§ Task details:
The copy must match the data word for word and contain no pictures.

§ Data block:
────────────────────

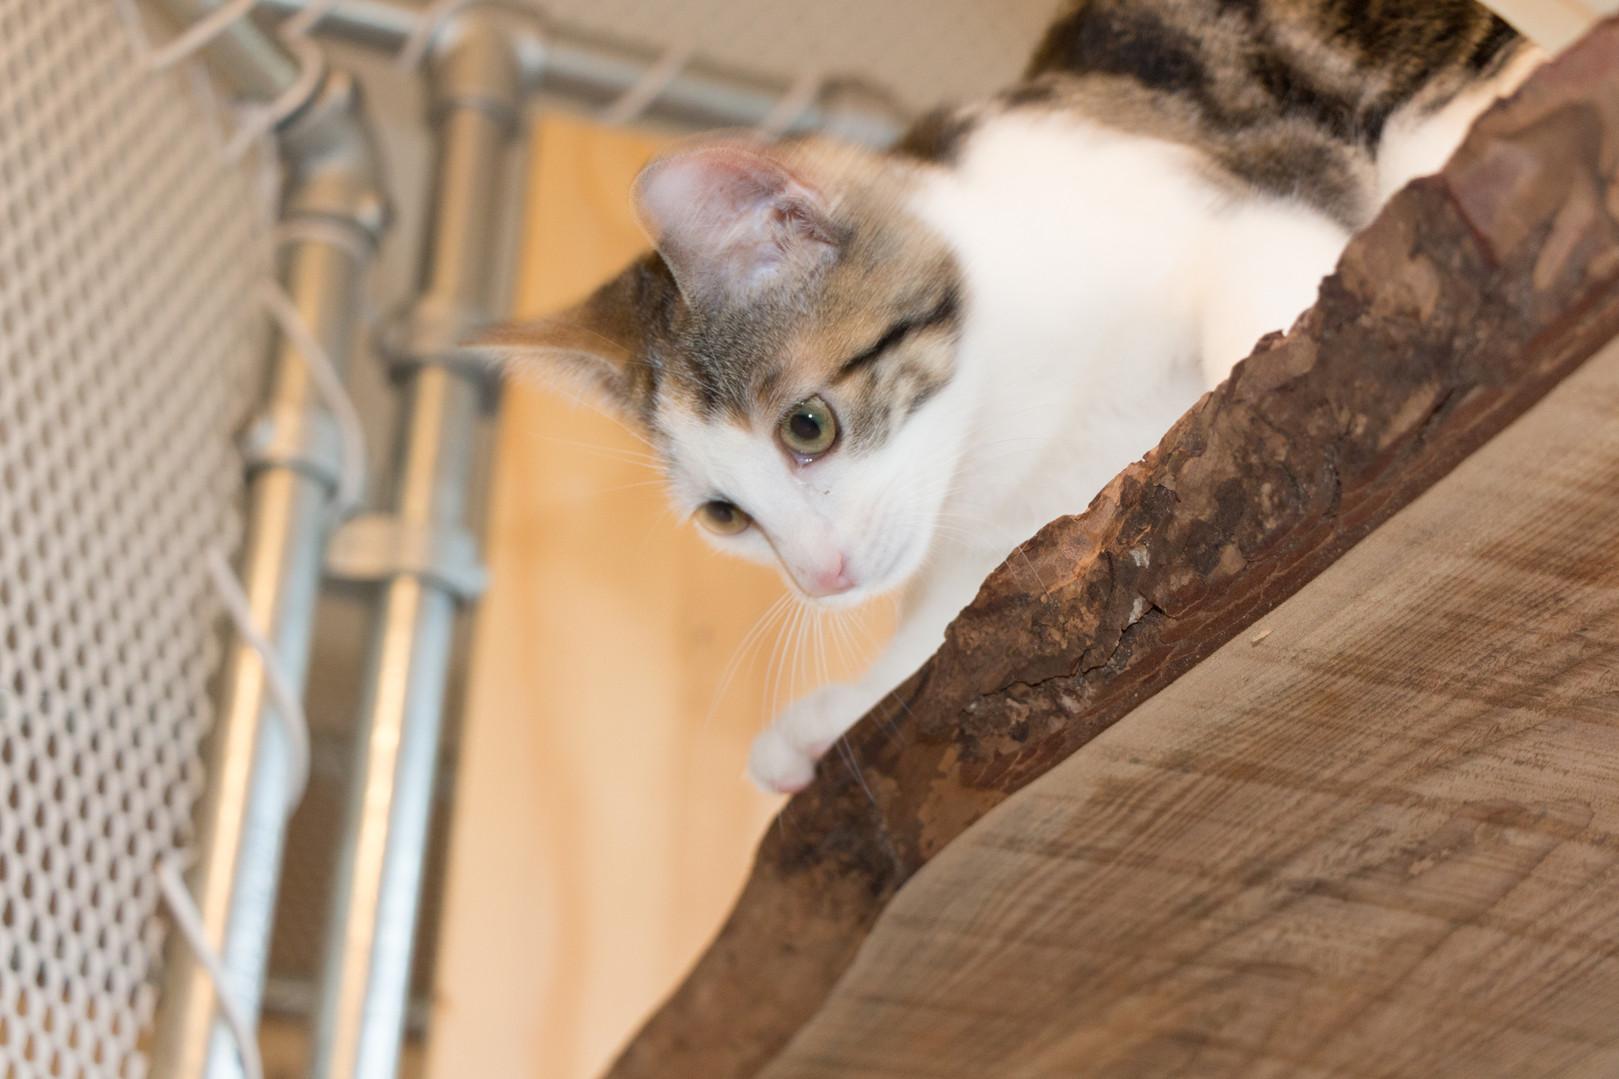 Diverse klimmogelijkheden voor je kat - kattenhotel 'Kat op hotel'
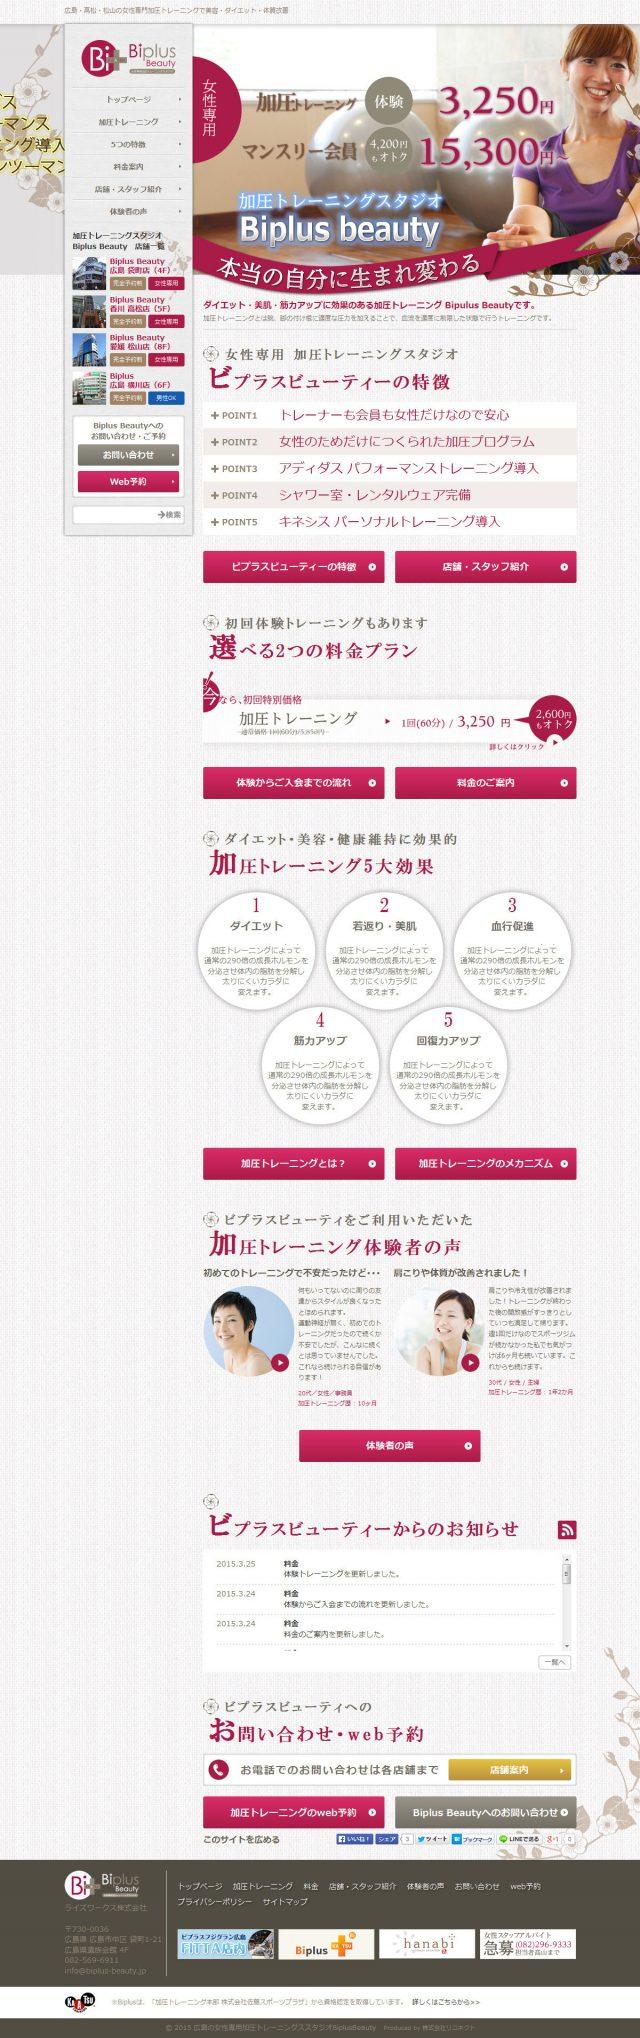 広島県広島市 女性専用加圧トレーニングスタジオのBiplus Beauty 様
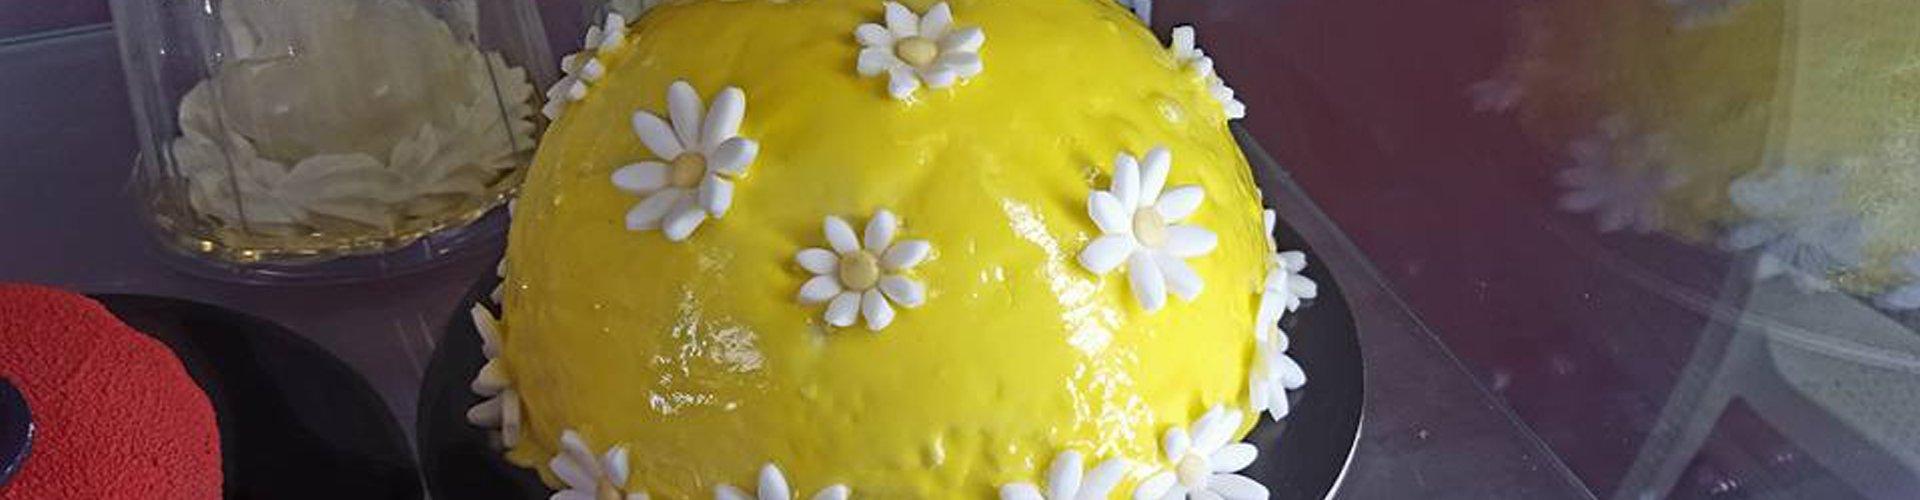 torta al limone con fiori di zucchero

────────────────────

§ Answer section:
 Diverse klimmogelijkheden voor je kat - kattenhotel 'Kat op hotel'
 広島県広島市 女性専用加圧トレーニングスタジオのBiplus Beauty 様
 torta al limone con fiori di zucchero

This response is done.